Give the data again in its entirety, exactly as provided.

> **Records provided**
——————

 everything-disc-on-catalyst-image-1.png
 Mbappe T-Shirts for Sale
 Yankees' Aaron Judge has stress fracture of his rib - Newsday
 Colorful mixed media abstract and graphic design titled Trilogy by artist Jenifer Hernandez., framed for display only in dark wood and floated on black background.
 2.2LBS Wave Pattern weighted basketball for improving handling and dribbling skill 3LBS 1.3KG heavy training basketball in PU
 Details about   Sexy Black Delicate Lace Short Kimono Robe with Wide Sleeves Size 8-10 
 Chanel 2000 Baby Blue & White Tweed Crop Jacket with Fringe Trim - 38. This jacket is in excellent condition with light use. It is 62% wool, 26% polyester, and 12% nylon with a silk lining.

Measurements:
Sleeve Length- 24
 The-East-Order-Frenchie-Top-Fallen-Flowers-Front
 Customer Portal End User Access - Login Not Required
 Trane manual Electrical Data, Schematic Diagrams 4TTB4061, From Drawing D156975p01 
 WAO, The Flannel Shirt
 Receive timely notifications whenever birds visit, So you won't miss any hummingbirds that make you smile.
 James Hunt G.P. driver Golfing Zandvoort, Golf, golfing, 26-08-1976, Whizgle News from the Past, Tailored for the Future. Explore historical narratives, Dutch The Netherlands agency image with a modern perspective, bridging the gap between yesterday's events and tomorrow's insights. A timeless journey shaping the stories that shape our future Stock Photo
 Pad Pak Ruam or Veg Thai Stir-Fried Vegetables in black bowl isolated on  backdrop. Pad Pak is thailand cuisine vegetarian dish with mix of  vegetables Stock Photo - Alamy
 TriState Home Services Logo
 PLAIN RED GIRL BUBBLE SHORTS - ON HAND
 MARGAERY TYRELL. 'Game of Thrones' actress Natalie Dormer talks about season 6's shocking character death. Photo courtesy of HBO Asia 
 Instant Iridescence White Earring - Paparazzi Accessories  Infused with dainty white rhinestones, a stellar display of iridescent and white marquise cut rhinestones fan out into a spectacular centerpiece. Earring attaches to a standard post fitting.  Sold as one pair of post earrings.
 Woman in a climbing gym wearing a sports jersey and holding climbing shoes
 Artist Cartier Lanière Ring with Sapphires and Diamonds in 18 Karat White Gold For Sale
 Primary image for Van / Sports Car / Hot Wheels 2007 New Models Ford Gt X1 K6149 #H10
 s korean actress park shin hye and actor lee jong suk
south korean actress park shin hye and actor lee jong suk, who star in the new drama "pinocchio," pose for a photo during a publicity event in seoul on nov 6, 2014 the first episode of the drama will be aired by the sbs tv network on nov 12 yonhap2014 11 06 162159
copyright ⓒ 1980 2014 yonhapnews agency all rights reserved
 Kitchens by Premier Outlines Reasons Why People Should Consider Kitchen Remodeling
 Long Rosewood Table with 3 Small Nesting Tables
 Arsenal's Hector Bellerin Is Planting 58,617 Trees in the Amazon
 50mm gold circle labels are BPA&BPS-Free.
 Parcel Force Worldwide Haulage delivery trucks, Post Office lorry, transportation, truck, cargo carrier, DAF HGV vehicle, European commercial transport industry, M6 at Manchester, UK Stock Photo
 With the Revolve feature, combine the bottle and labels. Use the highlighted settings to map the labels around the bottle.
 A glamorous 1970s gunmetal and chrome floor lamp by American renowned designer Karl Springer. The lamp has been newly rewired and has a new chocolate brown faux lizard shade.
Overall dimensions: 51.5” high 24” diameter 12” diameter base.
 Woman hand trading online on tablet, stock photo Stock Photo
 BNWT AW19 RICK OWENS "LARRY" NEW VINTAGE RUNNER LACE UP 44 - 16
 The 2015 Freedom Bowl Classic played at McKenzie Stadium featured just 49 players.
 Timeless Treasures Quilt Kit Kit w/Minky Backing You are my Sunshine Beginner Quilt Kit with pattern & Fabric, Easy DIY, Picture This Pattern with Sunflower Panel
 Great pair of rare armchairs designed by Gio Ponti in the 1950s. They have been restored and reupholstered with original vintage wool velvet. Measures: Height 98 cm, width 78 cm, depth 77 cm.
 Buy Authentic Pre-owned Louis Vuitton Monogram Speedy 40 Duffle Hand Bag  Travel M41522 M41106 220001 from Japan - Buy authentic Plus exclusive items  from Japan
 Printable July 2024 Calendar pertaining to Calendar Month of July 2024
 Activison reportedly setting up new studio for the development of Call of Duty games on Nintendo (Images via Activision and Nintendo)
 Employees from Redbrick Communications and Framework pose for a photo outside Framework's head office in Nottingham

——————

> **Solution to the exercise**
 everything-disc-on-catalyst-image-1.png
 Mbappe T-Shirts for Sale
 Yankees' Aaron Judge has stress fracture of his rib - Newsday
 Colorful mixed media abstract and graphic design titled Trilogy by artist Jenifer Hernandez., framed for display only in dark wood and floated on black background.
 2.2LBS Wave Pattern weighted basketball for improving handling and dribbling skill 3LBS 1.3KG heavy training basketball in PU
 Details about   Sexy Black Delicate Lace Short Kimono Robe with Wide Sleeves Size 8-10 
 Chanel 2000 Baby Blue & White Tweed Crop Jacket with Fringe Trim - 38. This jacket is in excellent condition with light use. It is 62% wool, 26% polyester, and 12% nylon with a silk lining.

Measurements:
Sleeve Length- 24
 The-East-Order-Frenchie-Top-Fallen-Flowers-Front
 Customer Portal End User Access - Login Not Required
 Trane manual Electrical Data, Schematic Diagrams 4TTB4061, From Drawing D156975p01 
 WAO, The Flannel Shirt
 Receive timely notifications whenever birds visit, So you won't miss any hummingbirds that make you smile.
 James Hunt G.P. driver Golfing Zandvoort, Golf, golfing, 26-08-1976, Whizgle News from the Past, Tailored for the Future. Explore historical narratives, Dutch The Netherlands agency image with a modern perspective, bridging the gap between yesterday's events and tomorrow's insights. A timeless journey shaping the stories that shape our future Stock Photo
 Pad Pak Ruam or Veg Thai Stir-Fried Vegetables in black bowl isolated on  backdrop. Pad Pak is thailand cuisine vegetarian dish with mix of  vegetables Stock Photo - Alamy
 TriState Home Services Logo
 PLAIN RED GIRL BUBBLE SHORTS - ON HAND
 MARGAERY TYRELL. 'Game of Thrones' actress Natalie Dormer talks about season 6's shocking character death. Photo courtesy of HBO Asia 
 Instant Iridescence White Earring - Paparazzi Accessories  Infused with dainty white rhinestones, a stellar display of iridescent and white marquise cut rhinestones fan out into a spectacular centerpiece. Earring attaches to a standard post fitting.  Sold as one pair of post earrings.
 Woman in a climbing gym wearing a sports jersey and holding climbing shoes
 Artist Cartier Lanière Ring with Sapphires and Diamonds in 18 Karat White Gold For Sale
 Primary image for Van / Sports Car / Hot Wheels 2007 New Models Ford Gt X1 K6149 #H10
 s korean actress park shin hye and actor lee jong suk
south korean actress park shin hye and actor lee jong suk, who star in the new drama "pinocchio," pose for a photo during a publicity event in seoul on nov 6, 2014 the first episode of the drama will be aired by the sbs tv network on nov 12 yonhap2014 11 06 162159
copyright ⓒ 1980 2014 yonhapnews agency all rights reserved
 Kitchens by Premier Outlines Reasons Why People Should Consider Kitchen Remodeling
 Long Rosewood Table with 3 Small Nesting Tables
 Arsenal's Hector Bellerin Is Planting 58,617 Trees in the Amazon
 50mm gold circle labels are BPA&BPS-Free.
 Parcel Force Worldwide Haulage delivery trucks, Post Office lorry, transportation, truck, cargo carrier, DAF HGV vehicle, European commercial transport industry, M6 at Manchester, UK Stock Photo
 With the Revolve feature, combine the bottle and labels. Use the highlighted settings to map the labels around the bottle.
 A glamorous 1970s gunmetal and chrome floor lamp by American renowned designer Karl Springer. The lamp has been newly rewired and has a new chocolate brown faux lizard shade.
Overall dimensions: 51.5” high 24” diameter 12” diameter base.
 Woman hand trading online on tablet, stock photo Stock Photo
 BNWT AW19 RICK OWENS "LARRY" NEW VINTAGE RUNNER LACE UP 44 - 16
 The 2015 Freedom Bowl Classic played at McKenzie Stadium featured just 49 players.
 Timeless Treasures Quilt Kit Kit w/Minky Backing You are my Sunshine Beginner Quilt Kit with pattern & Fabric, Easy DIY, Picture This Pattern with Sunflower Panel
 Great pair of rare armchairs designed by Gio Ponti in the 1950s. They have been restored and reupholstered with original vintage wool velvet. Measures: Height 98 cm, width 78 cm, depth 77 cm.
 Buy Authentic Pre-owned Louis Vuitton Monogram Speedy 40 Duffle Hand Bag  Travel M41522 M41106 220001 from Japan - Buy authentic Plus exclusive items  from Japan
 Printable July 2024 Calendar pertaining to Calendar Month of July 2024
 Activison reportedly setting up new studio for the development of Call of Duty games on Nintendo (Images via Activision and Nintendo)
 Employees from Redbrick Communications and Framework pose for a photo outside Framework's head office in Nottingham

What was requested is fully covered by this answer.